BioWare Holds World Design Contest
grayblob writes "BioWare is holding a World Design Contest to find talented level designers to work in Austin on their first MMORPG. To enter you must create a module with a 20-40 minute playtime in the NWN1 toolset. The module should include 'a cut scene, intricate puzzles and interesting NPC behavior.' The contest ends July 20 and like the writing contest doesn't guarantee employment for the winners."
they want to create this artifical environment of competition to make people think it's a priviledge to work for them or something? people, it's a highly competitive employment market - and i mean for employers, not you. they need to be begging you for the chance to explain why you should want to work for them, not the other way around.
If you mod me down, I will become more powerful than you can imagine....
I absolutely love this kind of thing. Contests seem to inspire innovation. My favorite contest in recent years was the x-prize - that result was great!
After all, competition made life: Just so long as it does not become conflict, it is healthy.
Read my Very Short "Stories"
Good way to get new ideas. Wasn't there a band that held a similar contest to find a new guitarist and just copied all the good riffs they heard on the day?
Who retains copyright over submitted works? No mention of it in the agreement.
I like this bit:
VGH Austin is under absolutely no obligation whatsoever to:
(a) acknowledge receipt of the Materials and/or this Agreement;
So you have to sign an agreement which they can deny ever receiving. Nice.
The benefit of going this route instead of the dreary old slog-through-the-demos route is that you might find a one-in-a-million inexperienced young hack out there who can knock together some impressive stuff, is surprised that he has any skills marketable to a game company, and then pay him a crap salary for the "opportunity" to work for them.
So the company gets a cheap, eager, bright eyed new recruit for a few years while the product goes through its life cycle and the guy either moves on once he figures he's got enough experience to get a decent gig somewhere else, or the whole project flounders and the entire development team gets laid off anyway.

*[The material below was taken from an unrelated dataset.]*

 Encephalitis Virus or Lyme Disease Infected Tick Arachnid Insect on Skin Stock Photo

I'm not sure if this is a profitable business model or not, but I do know that it will probably suck to be on the lower end of things.
Probably because it's a story/puzzle/level design contest, not a texture/physics/lighting contest. The NWN2 is extremely stable, and well known, so lots of folks are already familiar with it. If you can make an interesting level/story/puzzle in it, then it will be all the better when tied in with the latest engine of the day.
Bunch of reasons.
:) )
Some of them
- NWN is a very mature, very stable game development platform.

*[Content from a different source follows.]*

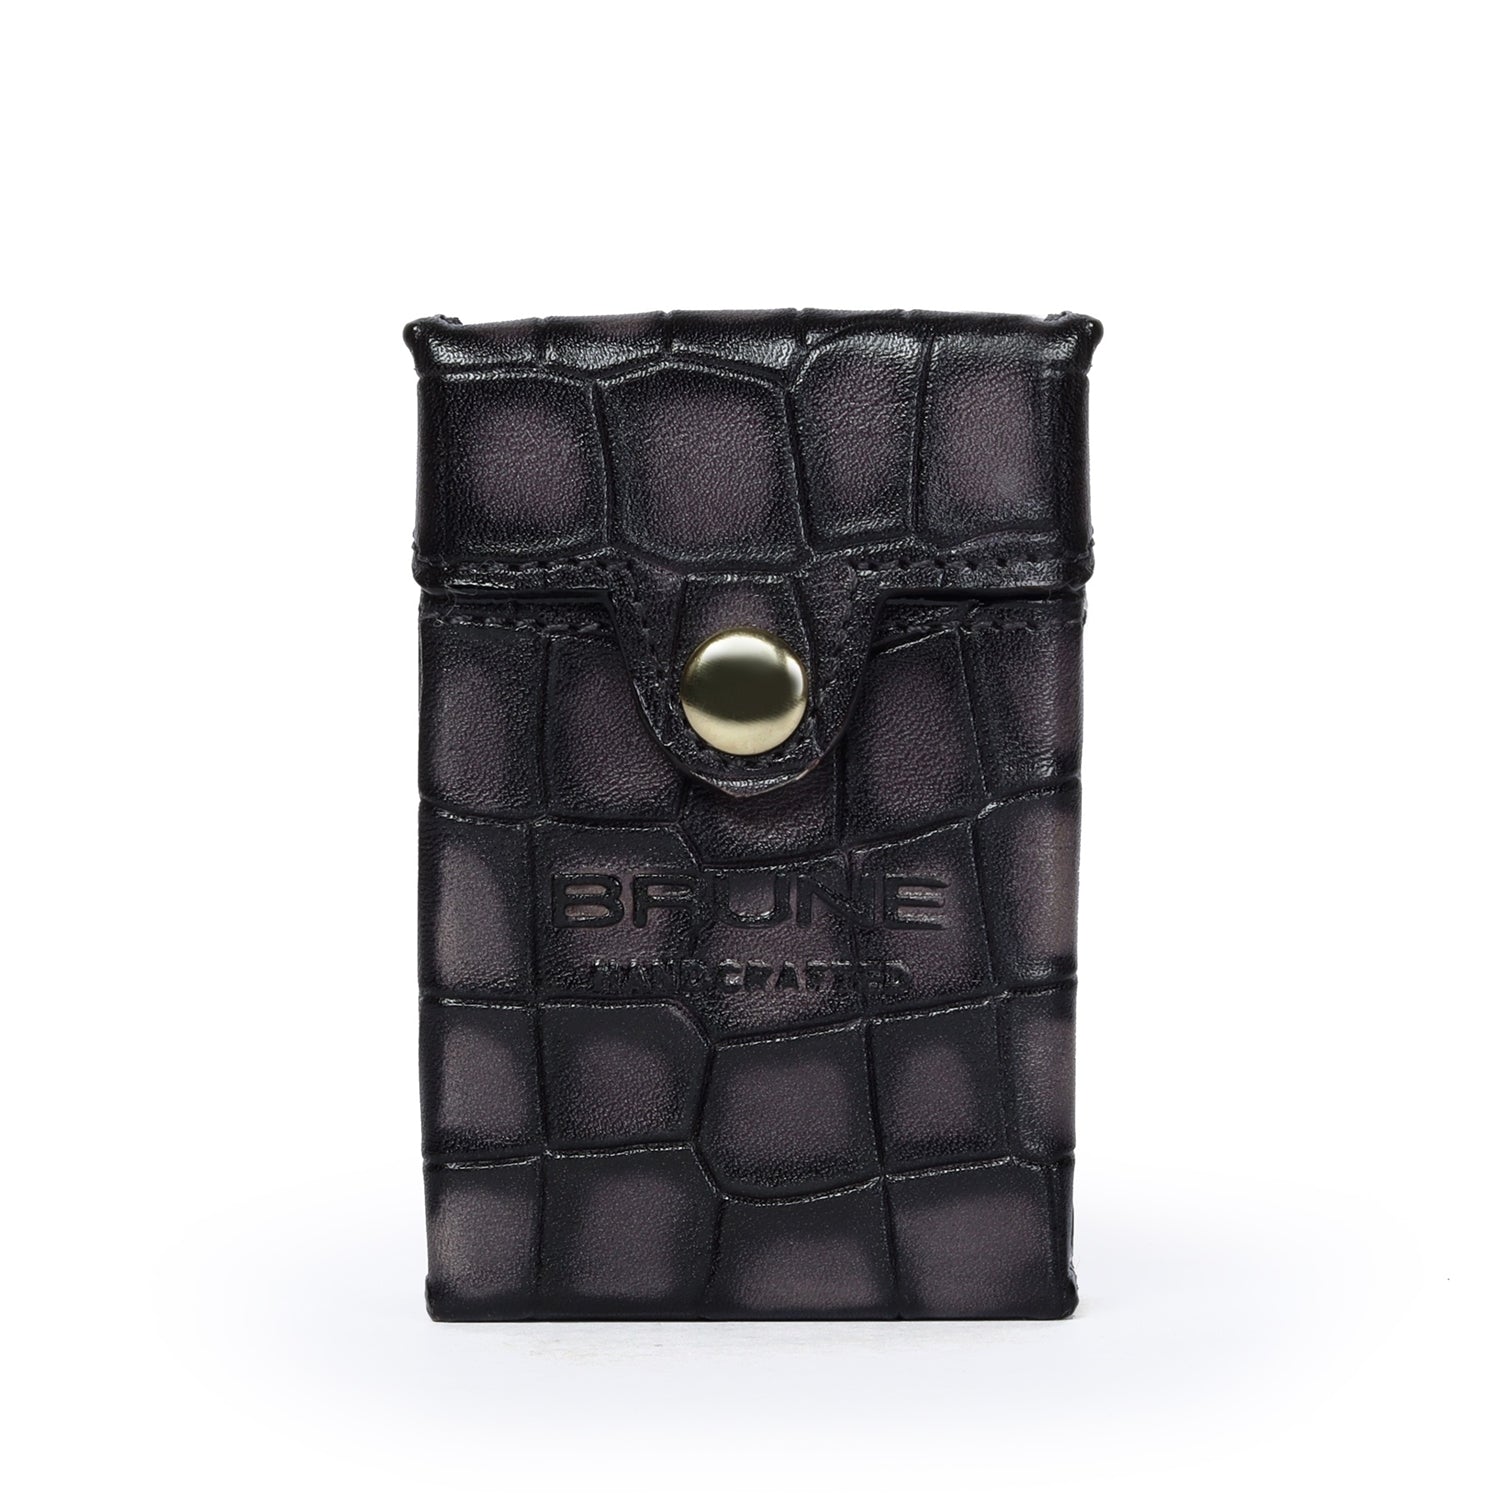 Smokey Finish King Size Grey Deep Cut Croco Print Cigarette Carrying Leather Case By Brune & Bareskin

- Everyone at BioWare has NWN installed on their machines. Makes it easier to review.
- It has more copies out there (3.x M+)
- It has much lower systems requirements.
- It is cheaper (15 USD vs 49 USD for NWN2)
- The people reviewing the modules are much more familiar with the NWN toolset.
- It encourages people to stick to gameplay over eyecandy.
- Faster to create a NWN module. NWN2 levels are much more complex (and better looking
- The NWN toolset is more friendly (less complex) to beginners
- The documentation for NWN is much more complete after 5 years.
hope that helps
Georg, BioWare.
It's just a contest. You're free to decide whether it's worth it or not. You're also free to decide whether the terms are fair or not.
Camping on quad since 1996.
Comment removed based on user account deletion
What if they don't really want a cut sceene, but want builders to demonstrate their ability to create scripted events in the NWN toolset?
www.aleo.no
A year or two ago I participated in Bioware's writing contest, winning the community voting. I actually did it for the swag they were giving away - I use their coffee mug every day and that Bioware wool cap kept me warm all winter. They'd already offered me a job some time ago, mostly after my NWN modules came out. It was extremely flattering, though the move, disruption to my family, and pay cut made the decision pretty easy. I have a great job in healthcare and a somehow find the time to continue to work on my module building even still. Working for a gaming company can be difficult, though Bioware is one of the best in the industry. I think my decision was to stick with a quality, stable job and having game making be a hobby. For the most part, it's lower stress and I can take the story whatever direction I want.
In terms of the winning module from last year, I actually did two versions. The first was way too linear. The second had lots of choice, from evil to crazy to several flavors of good. There was drama and humor, quality scripting, and polished writing. For folks trying for this contest, I'd keep the cutscenes short, give the player as many choices as you can manage, and make your NPCs memorable. Less is more for these sorts of things. Don't plan an epic module spanning dozens of areas. Just make a couple, with a simple storyline. Play to your strengths - writers should write and scripters should script. You'll have to do both, but emphasize what you're best at.